対する露墺艦隊の陣容は、左翼は指揮を任された副司令官のセルゲーエフ少将率いる約5400隻、中央では3万キロ後方でコルスノフの予備戦力4000隻、右翼は同じく指揮を任されたネヴゾロフ准将率いる約4000隻、最右翼はドナウリア艦隊約3000隻となる。
開戦から約15分後―
数で不利な仏英艦隊の前線は、少しずつ苦戦を強いられ徐々に押され始めた。
旗艦ヴァンガードの戦術モニターで戦況を見ていたエリソン中将は、味方が押されていると見るや否や予備戦力から増援の指示を出す。
「右翼のコルトハード艦隊が押されているな…。予備戦力から500隻を向かわせろ」
「はっ」
エリソンの増援指示を受けた副官のパッカー准将は、すぐさま予備戦力から500隻を向かわせる手筈を整える。
5分後、500隻の増援を受けたコルトハード艦隊は約4500隻となり、対面するネヴゾロフ准将率いる約4000隻より、数的有利を得て今度は逆に押し始めていく。

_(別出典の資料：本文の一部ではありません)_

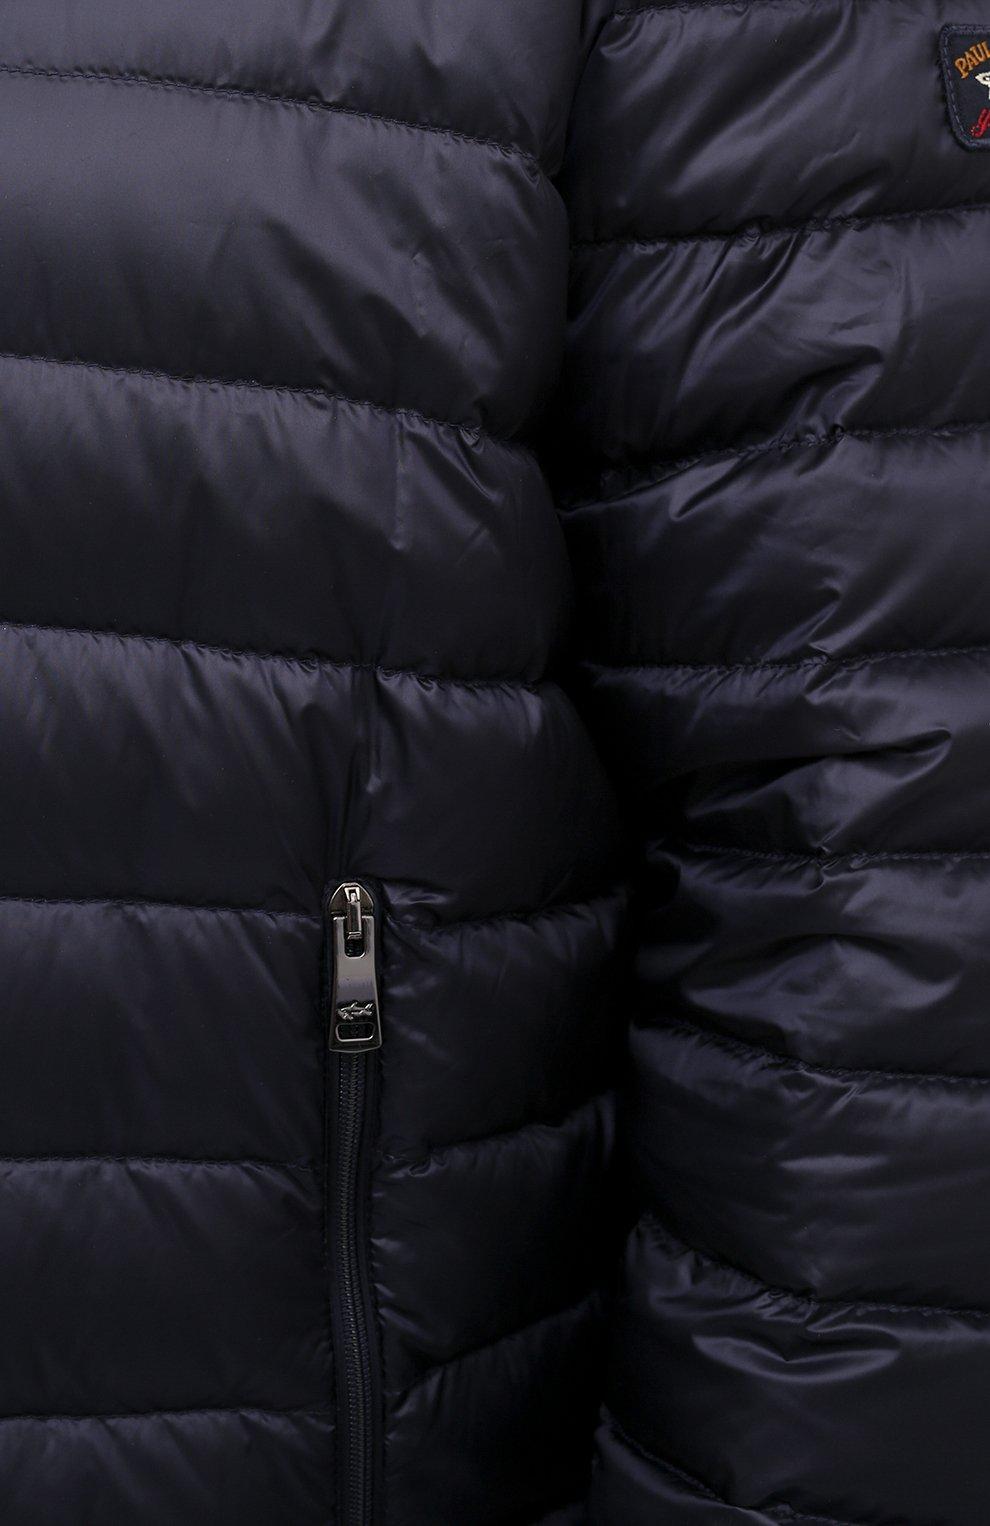 Мужская пуховая куртка PAUL&SHARK синего цвета, арт. C0P2008/GTX/3XL-6XL | Фото 5 (Кросс-КТ: Куртка, Пуховик; Мужское Кросс-КТ: пуховик-короткий, Пуховик-верхняя одежда, Верхняя одежда; Рукава: Длинные; Материал внешний: Синтетический материал; Материал подклада: Синтетический материал; Длина (верхняя одежда): Короткие; Материал утеплителя: Пух и перо; Стили: Кэжуэл)

だが、それを戦術モニターで見ていたコルスノフ大将も、すぐさま増援指示を出す。
「こちらも予備戦力から、500隻をネヴゾロフ艦隊に向かわせろ!」
「はっ」
6分後、ネヴゾロフ准将率いる艦隊は約4500隻となり、対峙するコルトハード艦隊と同数となったので、再び押し返し戦況は拮抗することになる。
「左翼のヨハンセン艦隊が苦戦しているようだな。500隻を彼の艦隊の右翼に付けて援護させろ」
「はっ」
5分後、500隻がヨハンセン艦隊の右翼について援護を始めた。
500隻の援軍を得たヨハンセン艦隊は、実質約4900隻から5600隻となって、前面のセルゲーエフ艦隊約5400隻に数的有利となって反撃を始める。
7分後にセルゲーエフ艦隊に、500隻の増援がやって来て約5900隻となり、ここも戦況は元に戻ってしまう。
こうして、両艦隊は激しいビームの応酬を行い、まさしく一進一退の戦闘を続けることになる。